# EXERCISE GOAL
Once the pictures are set aside, transcribe the remaining data exactly.

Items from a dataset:
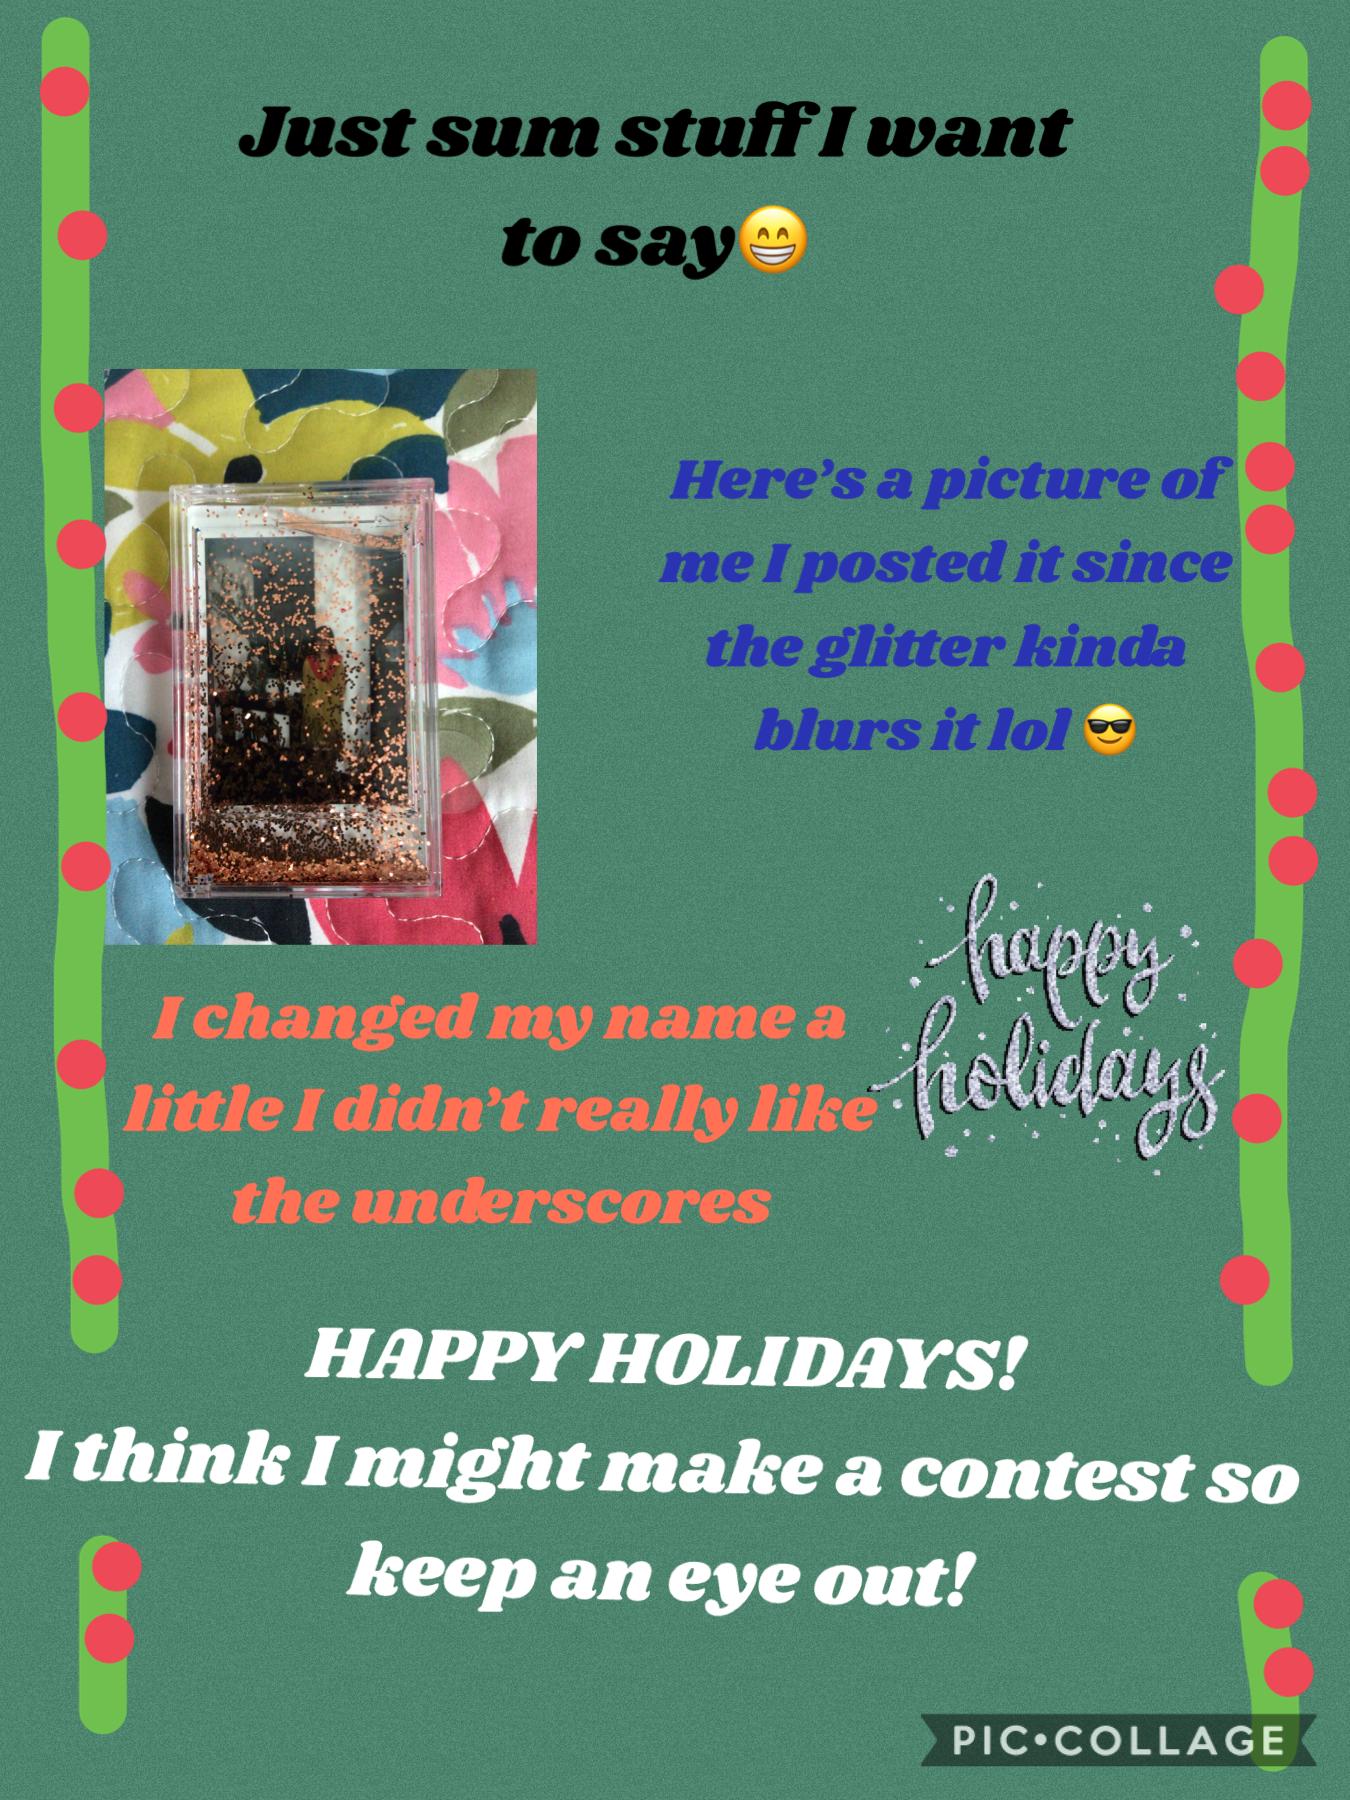 🎄 Tap 🎄
Did u know that my bday is on Jan 1!😀 I’m so excited 
Also I’ll post contest info 🔜 
Have a great holiday season!🎄😁
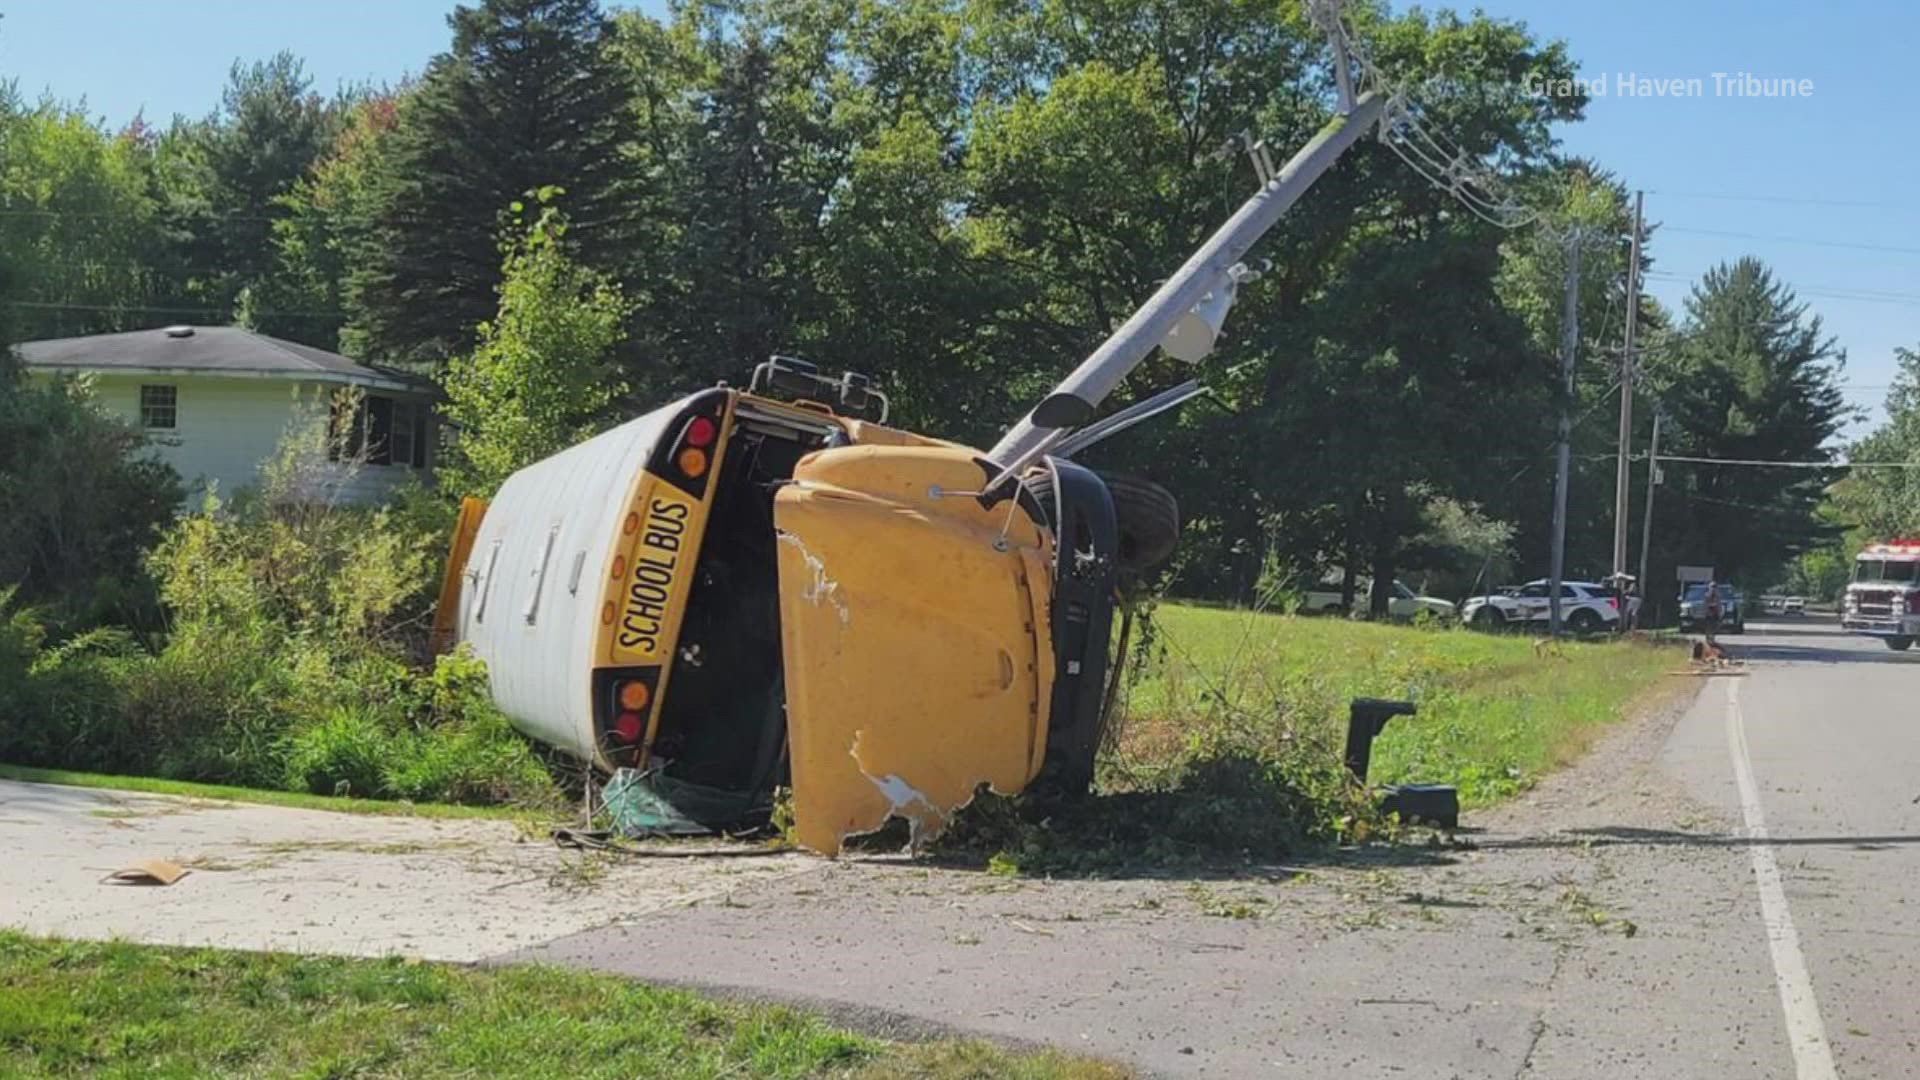 There were six children on the Spring Lake Public Schools bus at the time, and all apparently escaped injuries.

# TASK RESULT
 🎄 Tap 🎄
Did u know that my bday is on Jan 1!😀 I’m so excited 
Also I’ll post contest info 🔜 
Have a great holiday season!🎄😁
 There were six children on the Spring Lake Public Schools bus at the time, and all apparently escaped injuries.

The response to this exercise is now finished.